BERT (Bidirectional Encoder Representations from Transformers)
A 2018 transformer-based model optimized for understanding and classification using only the encoder part and Masked Language Modeling.
RAG (Retrieval-Augmented Generation)
An expert-level LLM architecture that retrieves relevant documents from an external knowledge base to augment the prompt before generation.
Zero-shot Prompting
A prompt that provides no examples or demonstrations, asking the model to perform a task based solely on the instruction.
Few-shot Prompting
A paradigm that allows language models to learn tasks by providing a few examples of demonstrations within the prompt.
Chain-of-Thought (CoT)
A prompting method where the model is asked to explain its reasoning step-by-step to improve performance on complex tasks.
Hallucination
A limitation of LLMs where the output contains fake, illogical, or made-up information presented as fact.
Stemming
A pre-processing task that truncates words by removing affixes to reduce morphological variability.
ALPAC Report (1966)
An influential report that claimed Machine Translation had no immediate utility, was too slow, and cost double that of human translation.

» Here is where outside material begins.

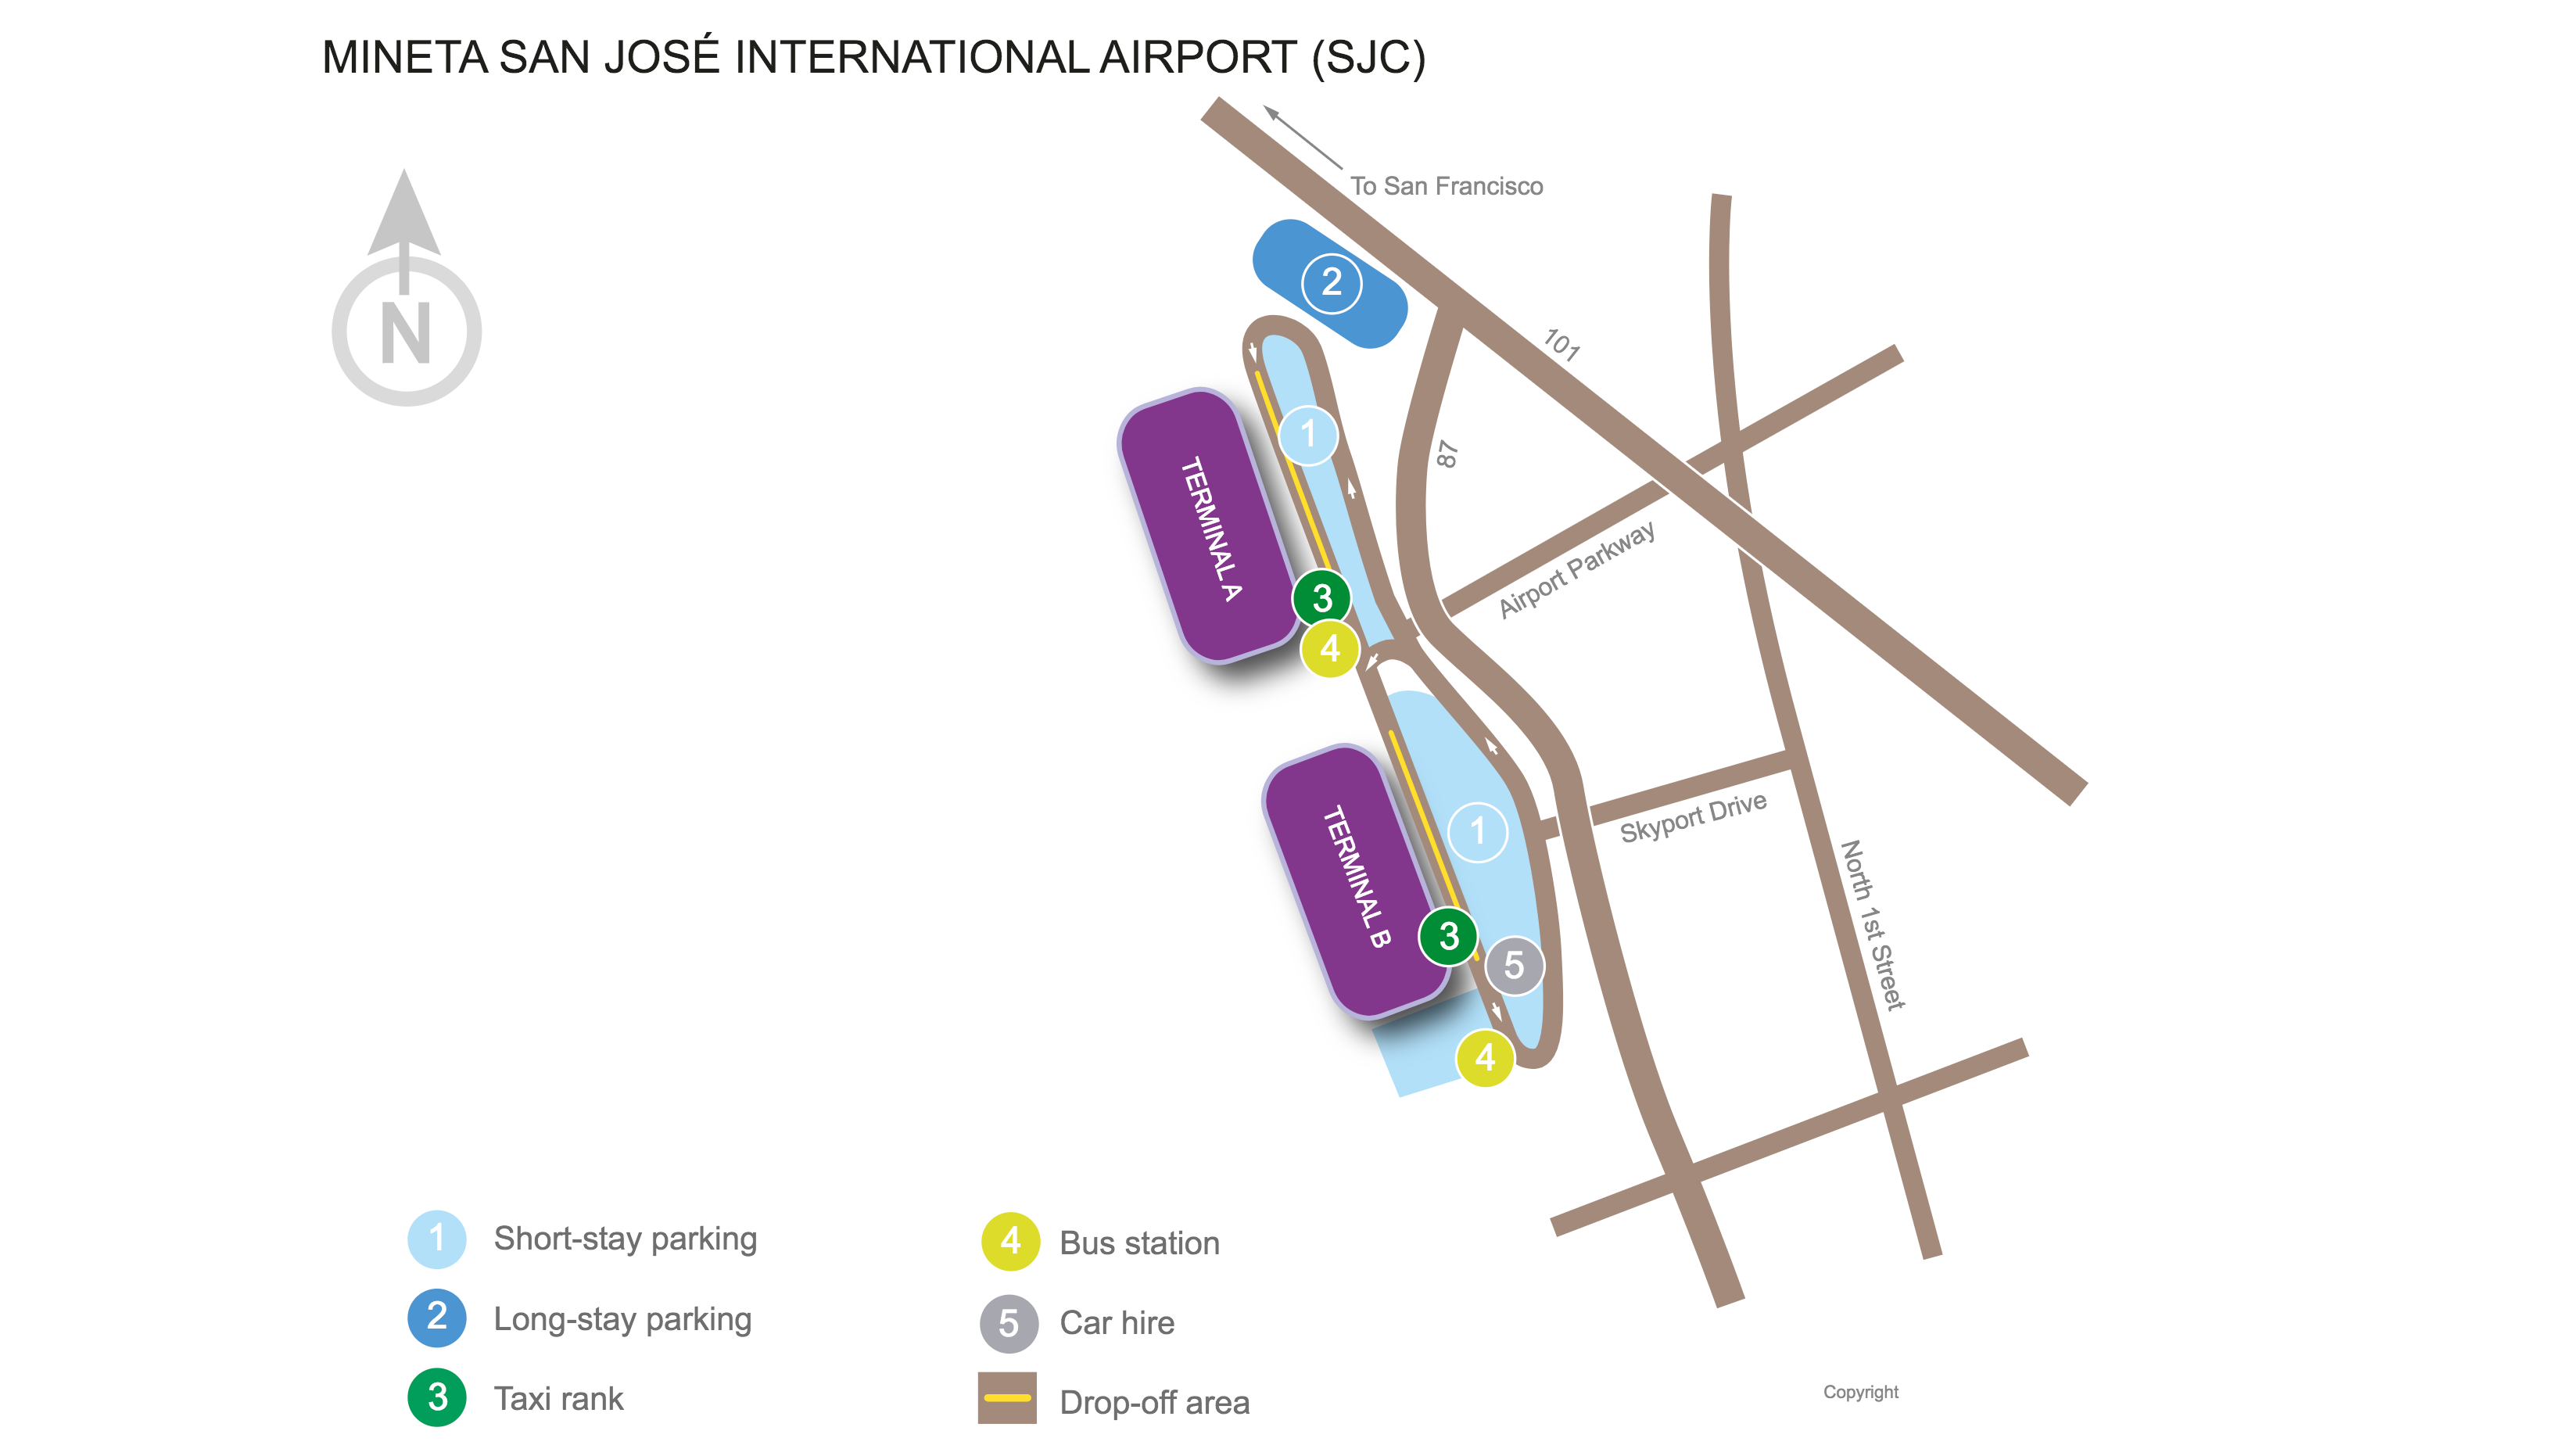 Mineta San José International Airport (SJC) map

BLEU (BiLingual Evaluation Understudy)
An automatic MT metric that compares n-grams of the machine output to human reference translations.
Named Entity Recognition (NER)
A classification task aimed at identifying and categorizing mentions of specific entities, such as proper names, in a text.
Stance Detection
The task of identifying a person's standpoint (favor, against, or neither) toward a specific proposition or idea.
Sentiment Shifters
Expressions, such as negations, that change the prior polarity of a word (e.g., 'not good').
Universal Dependencies (UD)
An international initiative for creating syntactically annotated treebanks for many languages based on a universal core of tags and relations.
UDPipe
A trainable pipeline used for tasks including sentence splitting, tokenization, POS tagging, lemmatization, and dependency parsing.